Uploading Your Dataset
Supported File Formats
Facet supports a wide range of data formats for maximum flexibility:CSV Files
Best for: Structured data, spreadsheets, tabular data
- Comma-separated values
- Headers in first row
- UTF-8 encoding recommended
JSON/JSONL
Best for: Conversational data, complex structures - JSON: Single object
with array of examples - JSONL: One JSON object per line - Nested structures
supported
Parquet
Best for: Large datasets, efficient storage - Columnar format - Fast
loading and processing - Compressed storage
Excel Files
Best for: Business data, multiple sheets
- .xlsx and .xls formats
- Multiple sheets supported
- First sheet used by default
File Size Limits
- Maximum file size: 100MB per upload
- Recommended size: 10-50MB for optimal processing speed
- Large datasets: Consider splitting into multiple files or using Hugging Face Hub
Very large files may take longer to process. Consider using Hugging Face Hub
for datasets over 100MB.
Using Hugging Face Datasets
Public Datasets
Import datasets directly from Hugging Face Hub using their repository name:1
Find a Dataset
Browse Hugging Face Datasets to find one that fits your needs.
Look for datasets with conversation or instruction-following formats for best results.
2
Copy the Repository Name
Use the format
organization/dataset-name
from the dataset page.You don’t need to include the full URL, just the repository identifier.
3
Select Subset (Optional)
If the dataset has multiple subsets, choose the one you want to use.

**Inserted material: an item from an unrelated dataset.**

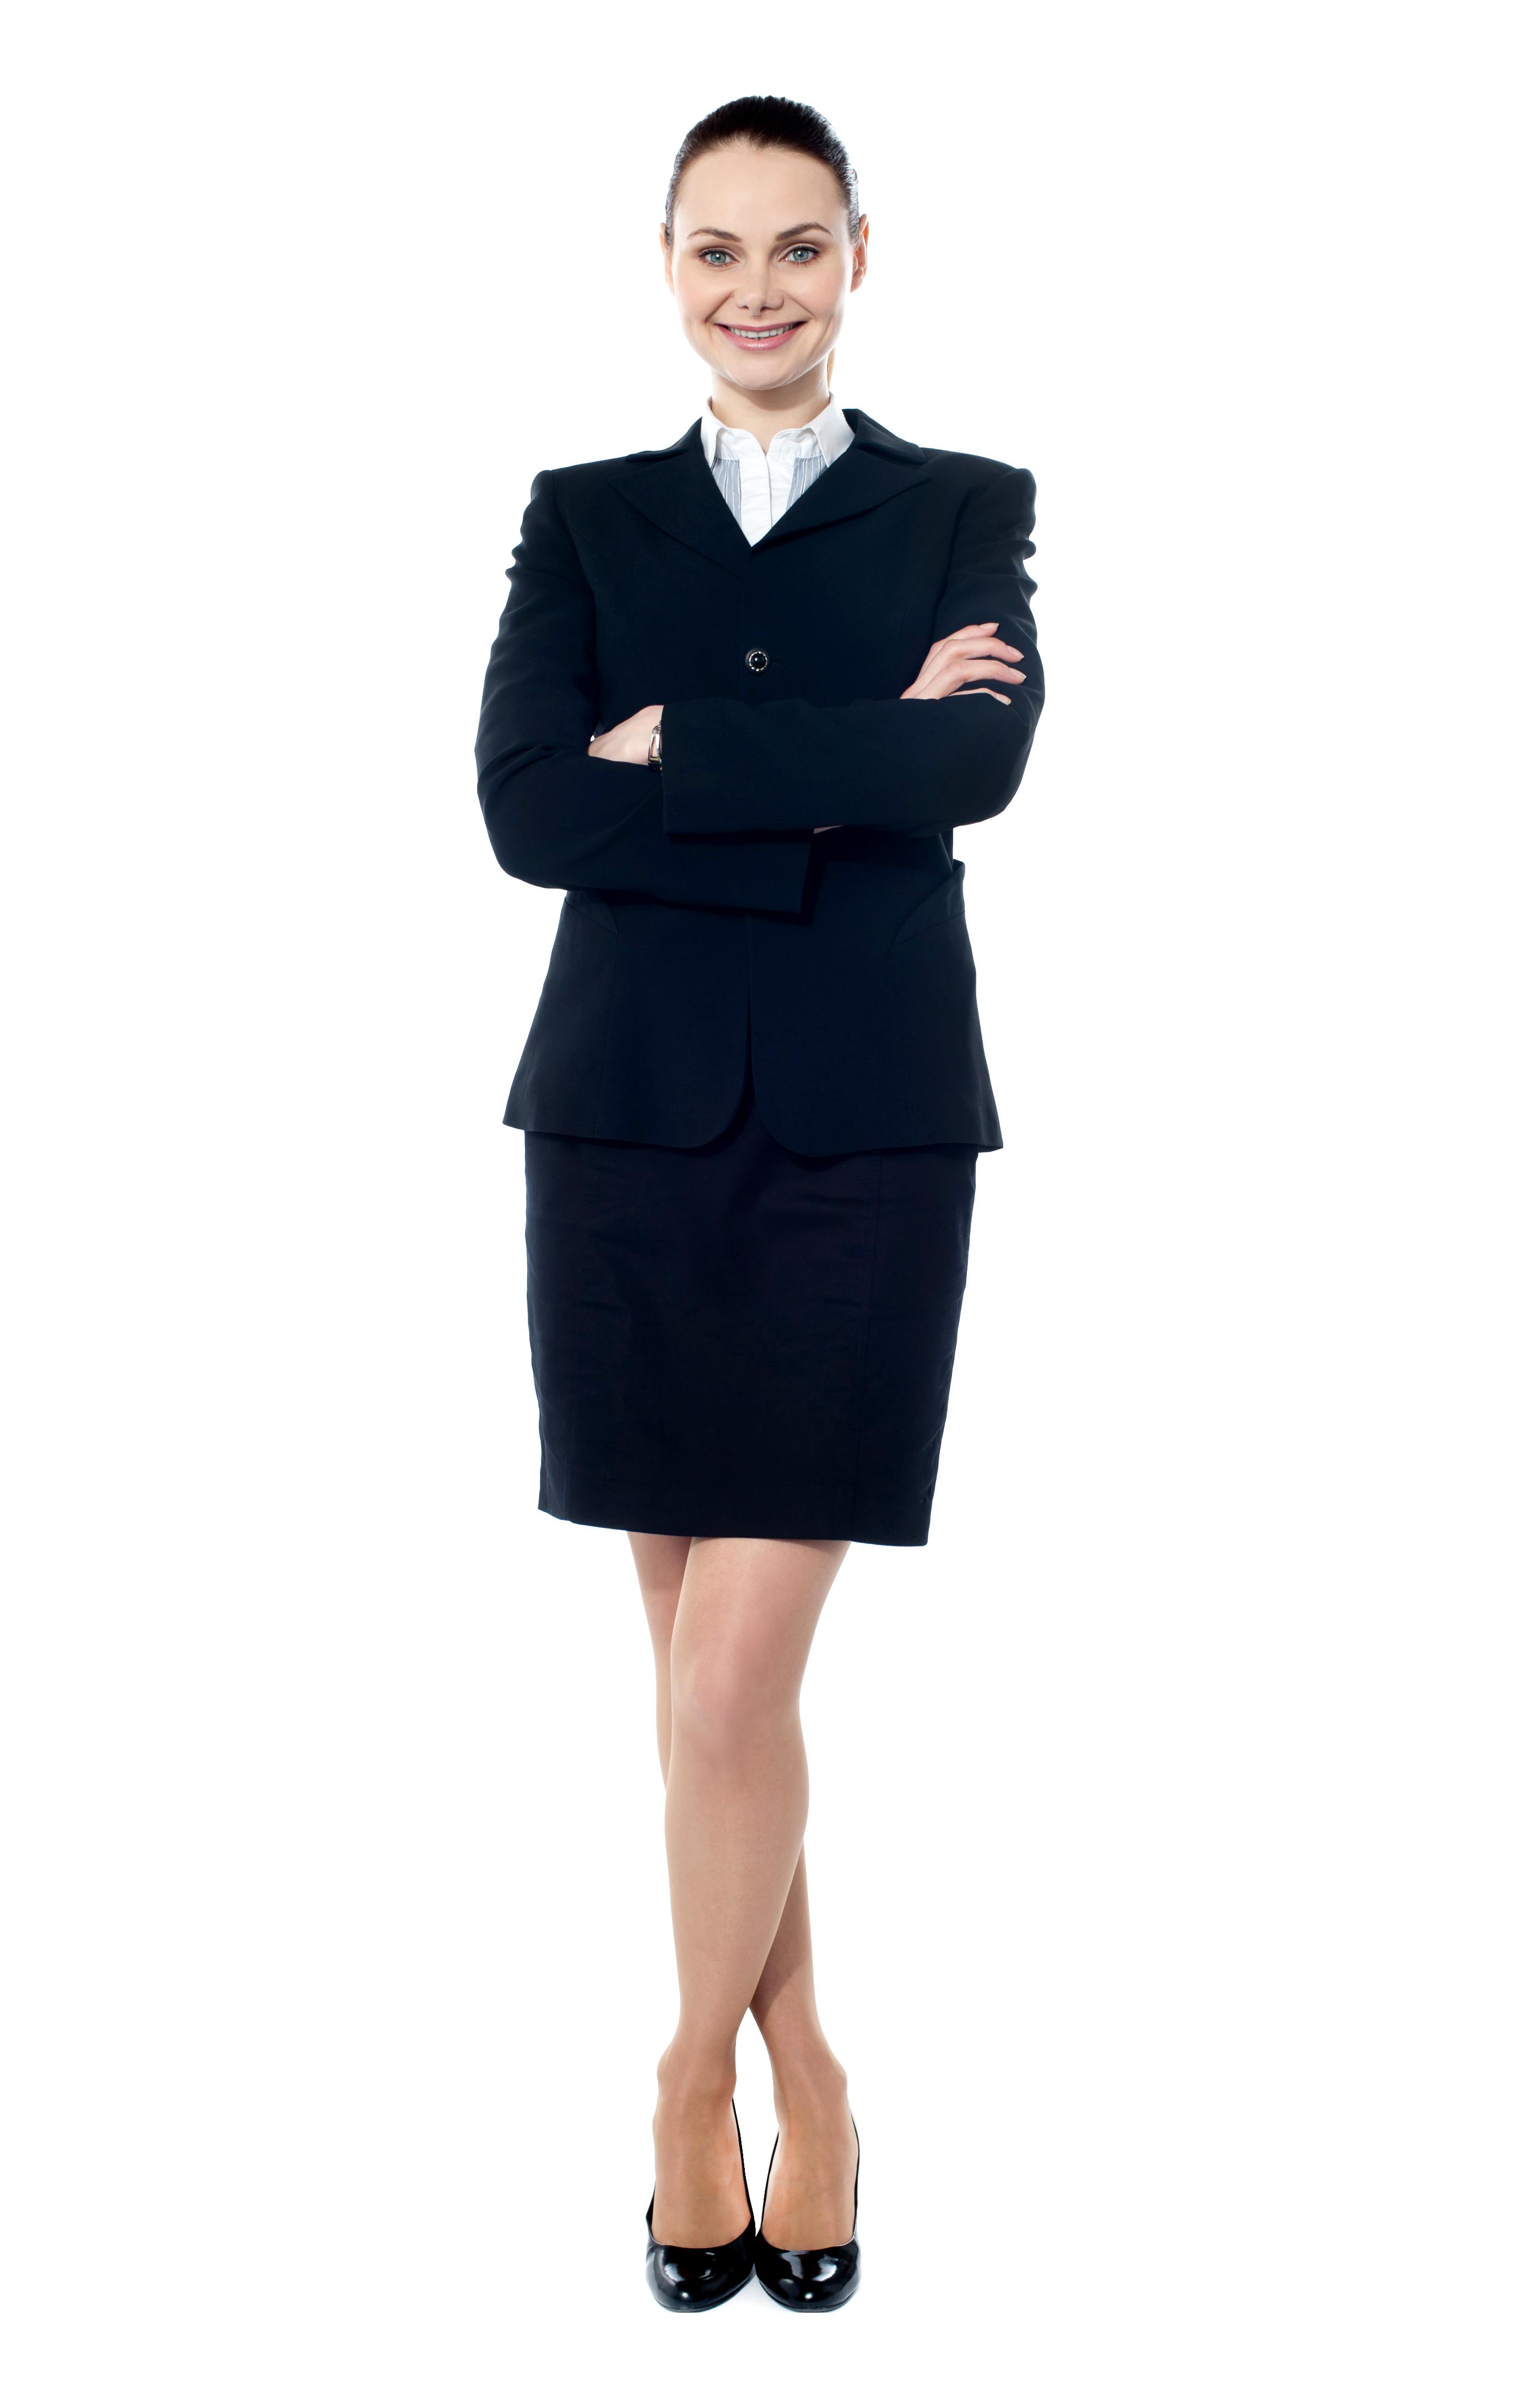 Business Women PNG Image - PurePNG | Free transparent CC0 ...

Common subsets include “train”, “test”, “validation”, or specific task names.
Private Datasets
For private repositories, you’ll need to provide your Hugging Face token:- Go to Hugging Face Settings
- Create a new token with “Read” permissions
- Enter the token when prompted during dataset import
Keep your Hugging Face token secure and never share it publicly.
Configuring Field Mappings
Field mappings tell Facet how to transform your data into the conversational format needed for training.Understanding Field Types
Use for: Static text, instructions, prompts
Template fields use fixed text that doesn’t change between examples.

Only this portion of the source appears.